### [EXERCISE]
Only the lines below from the one that contains "Men's black genuine" through the one that contains "DIAMANTE-luxury rooms standard (17)" should appear in your answer, exact and without pictures.

### [RECORDS FOR THIS TASK]
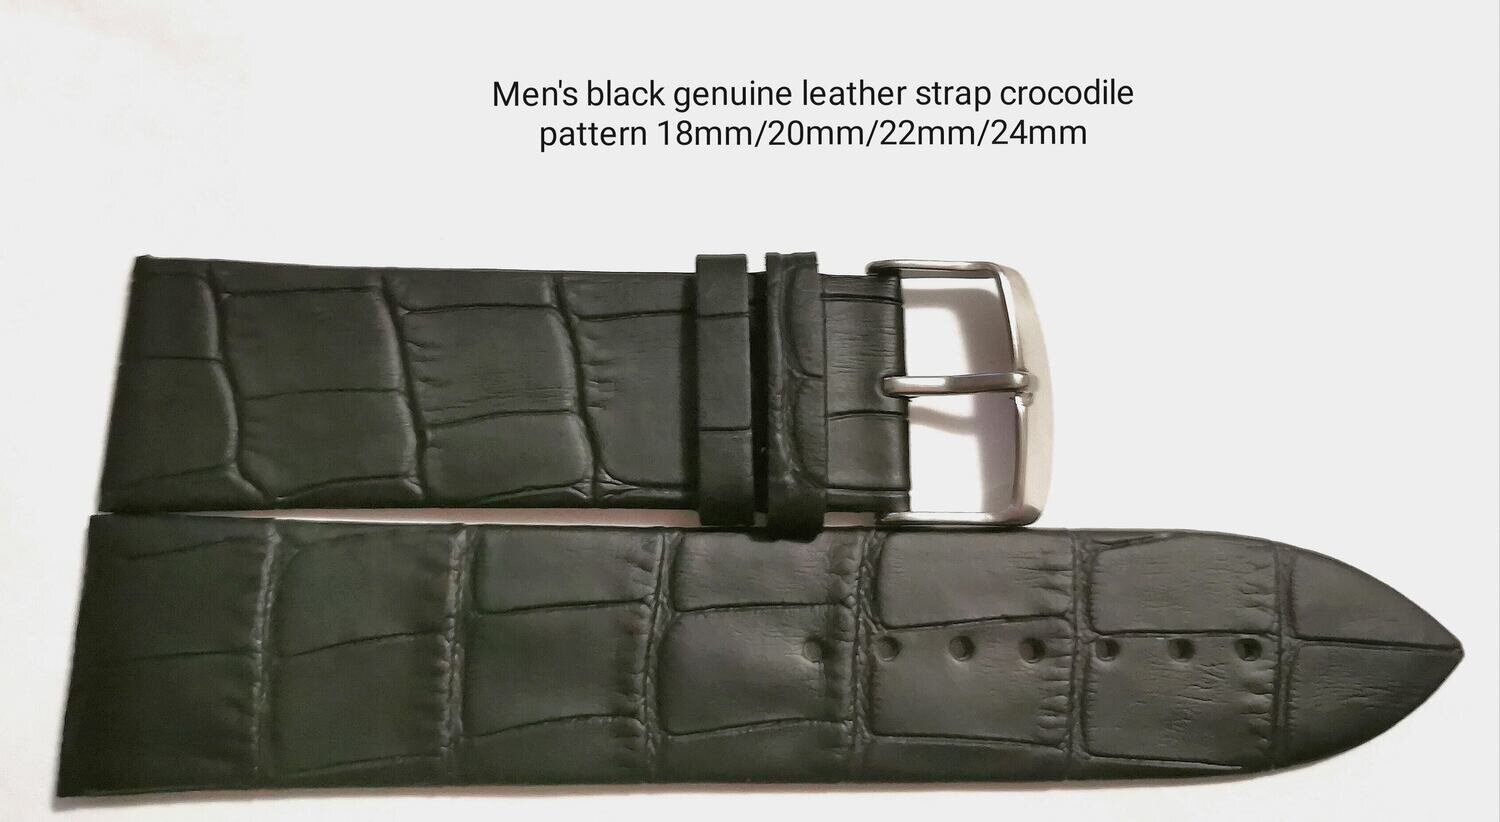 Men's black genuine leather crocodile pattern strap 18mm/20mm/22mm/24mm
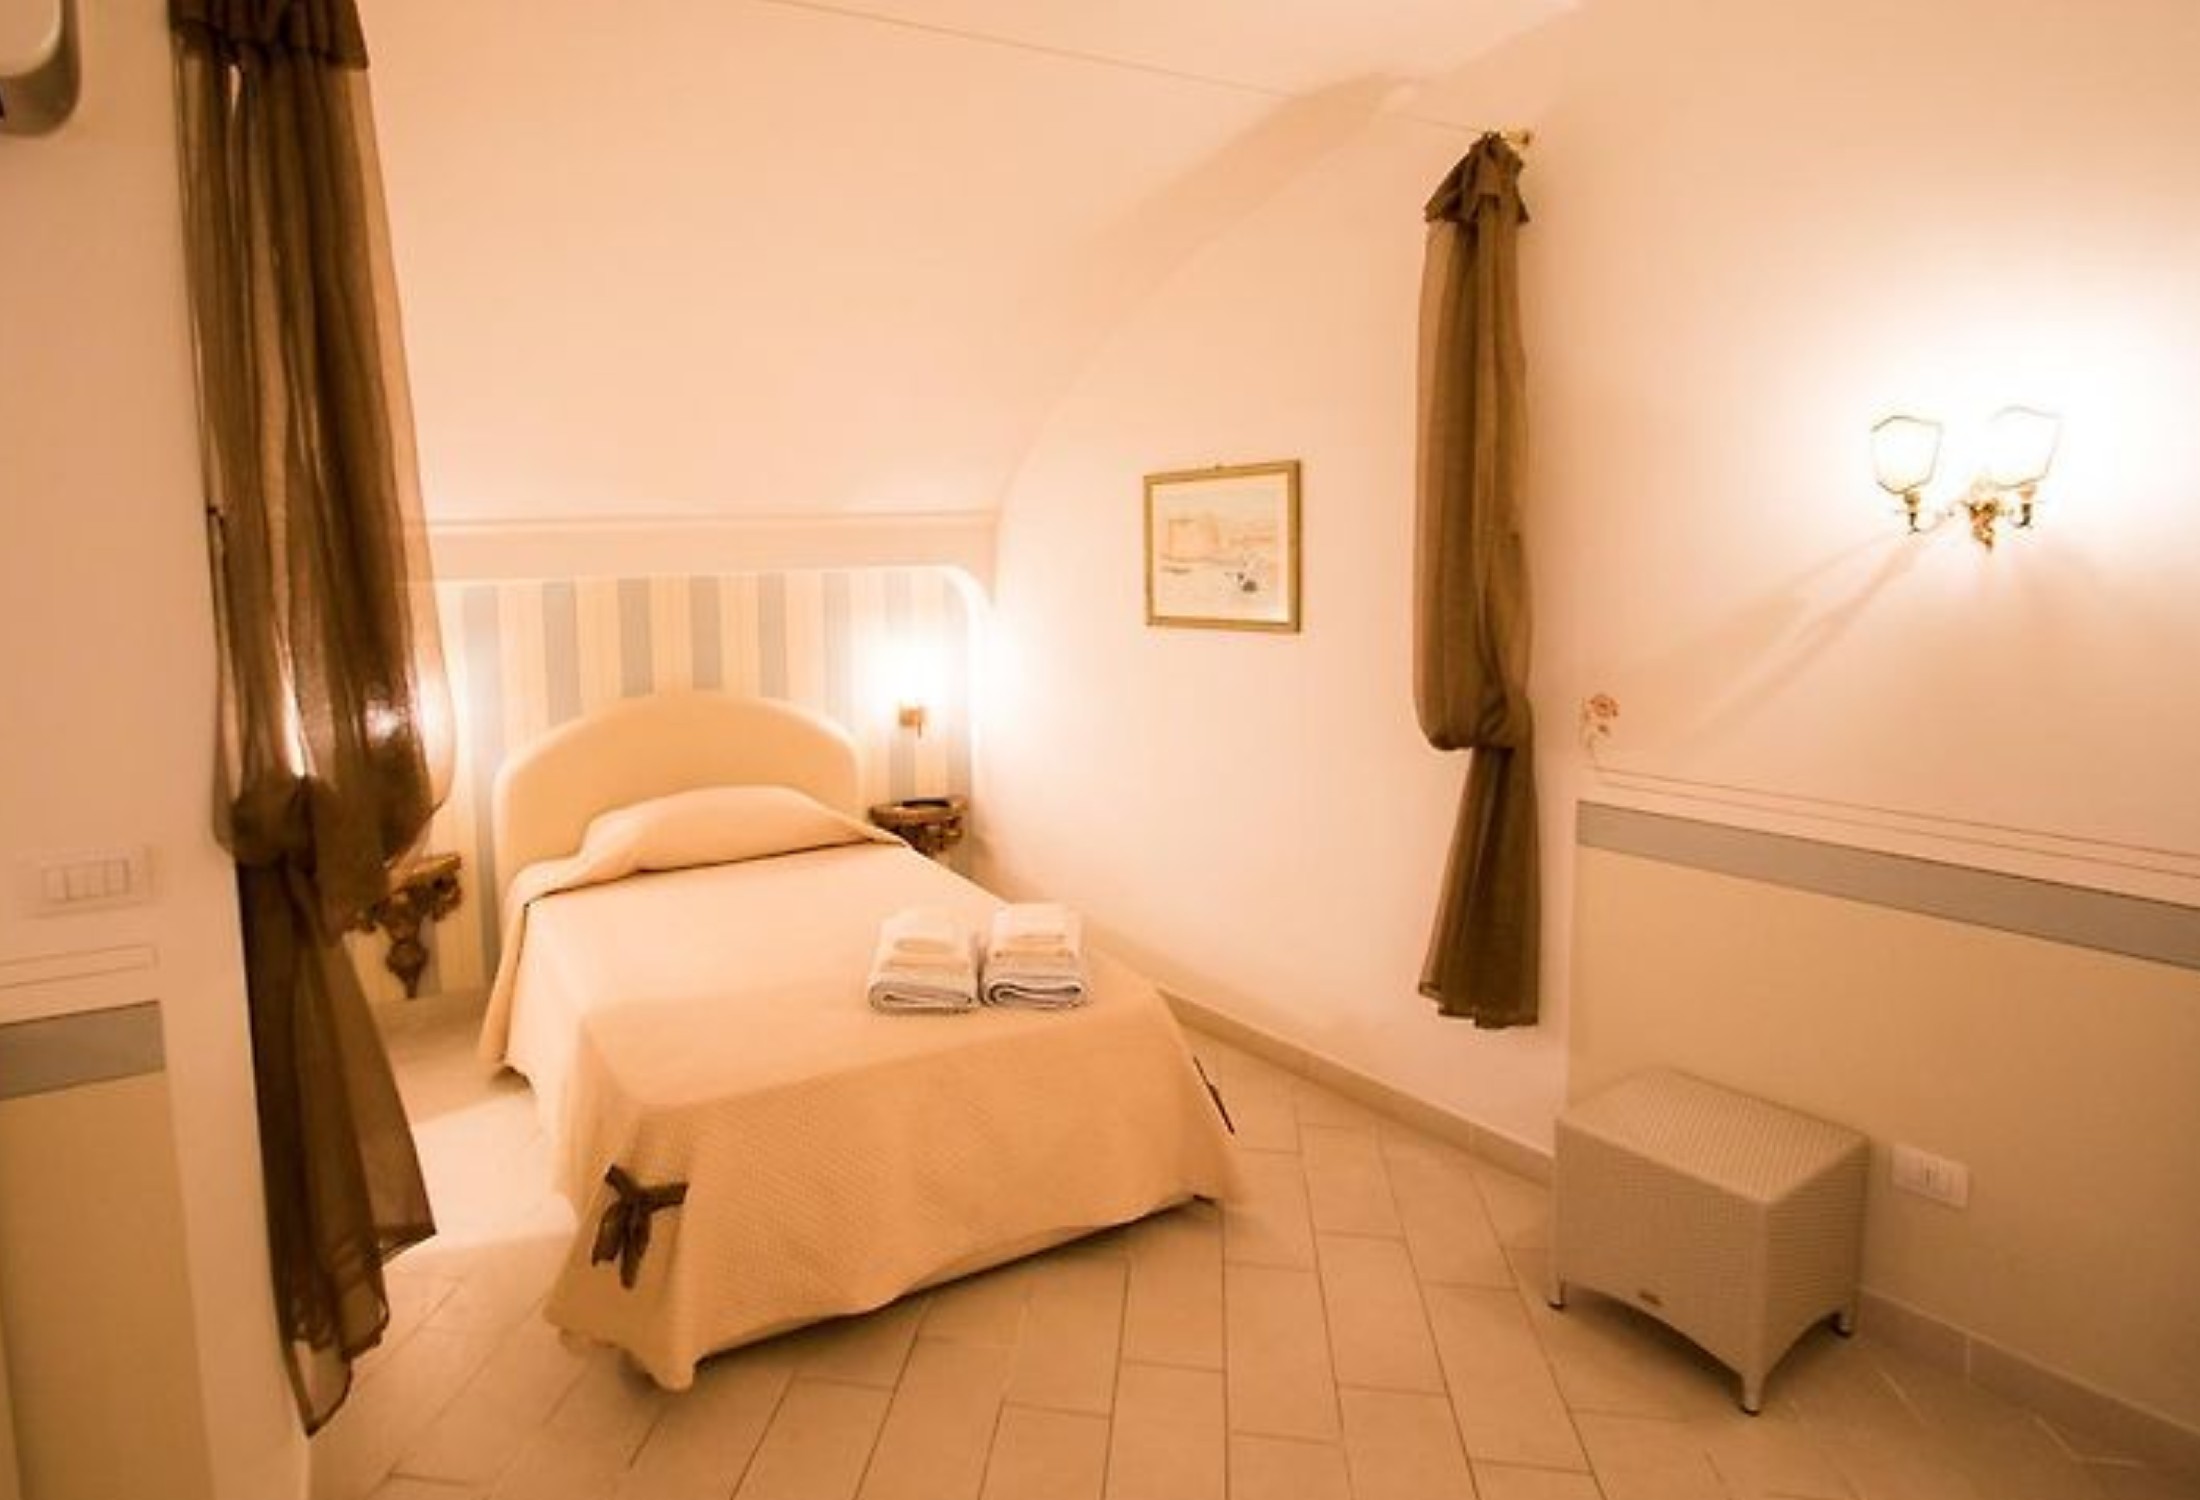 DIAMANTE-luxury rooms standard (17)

--

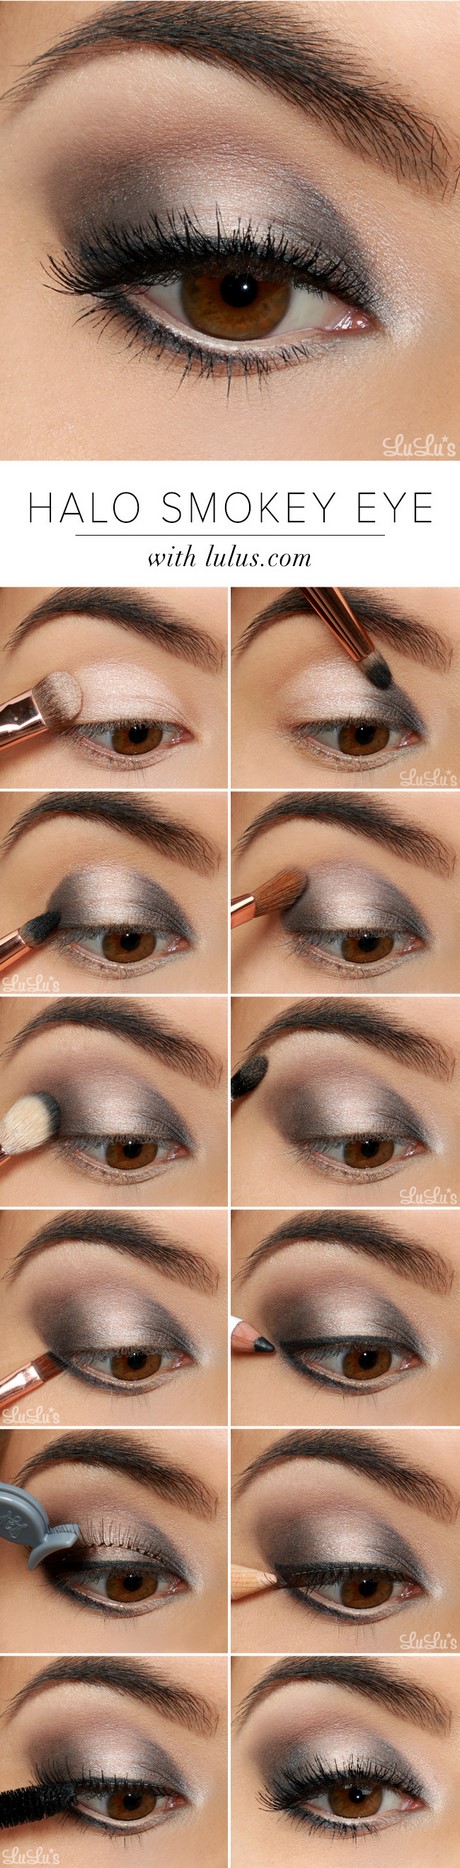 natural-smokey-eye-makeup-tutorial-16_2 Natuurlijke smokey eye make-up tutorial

* * *

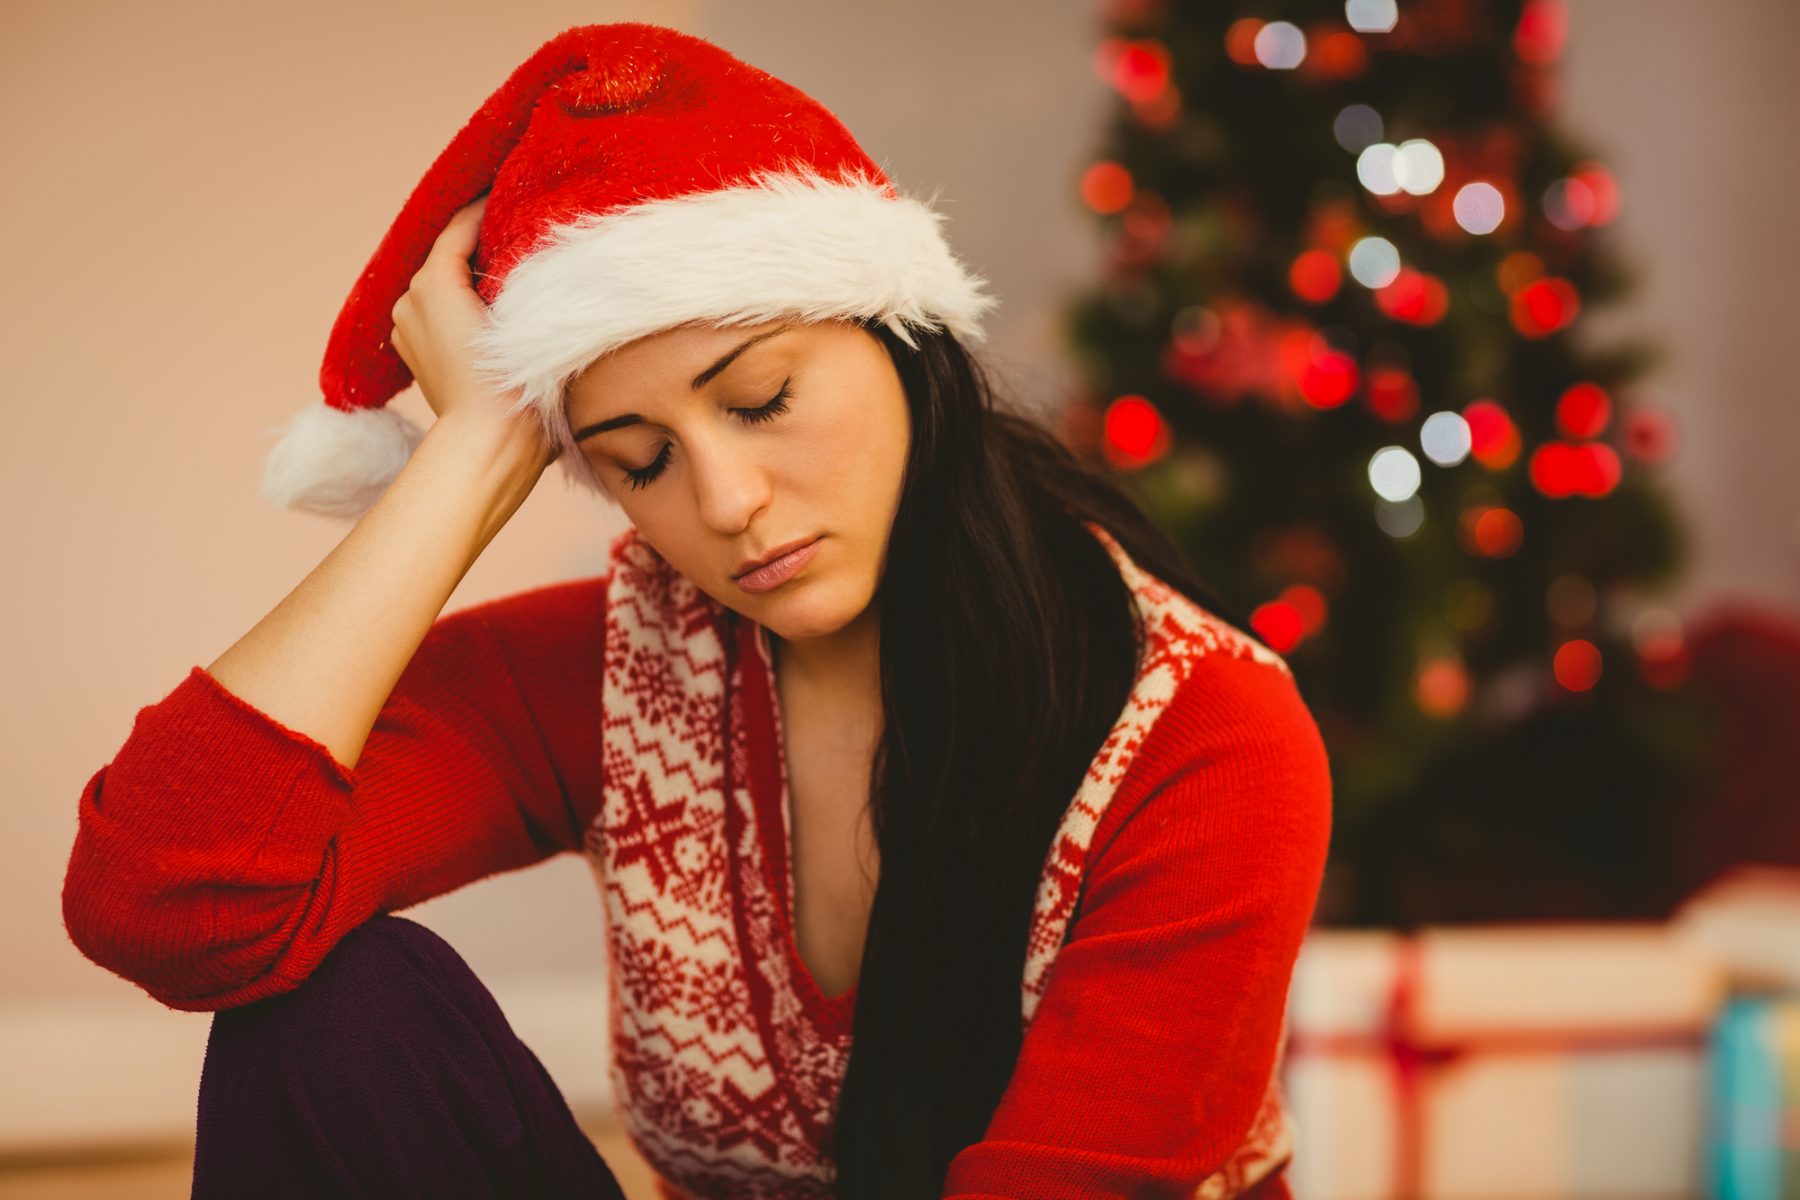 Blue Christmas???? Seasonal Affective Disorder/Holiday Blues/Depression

### [YOUR RESPONSE]
 Men's black genuine leather crocodile pattern strap 18mm/20mm/22mm/24mm
 DIAMANTE-luxury rooms standard (17)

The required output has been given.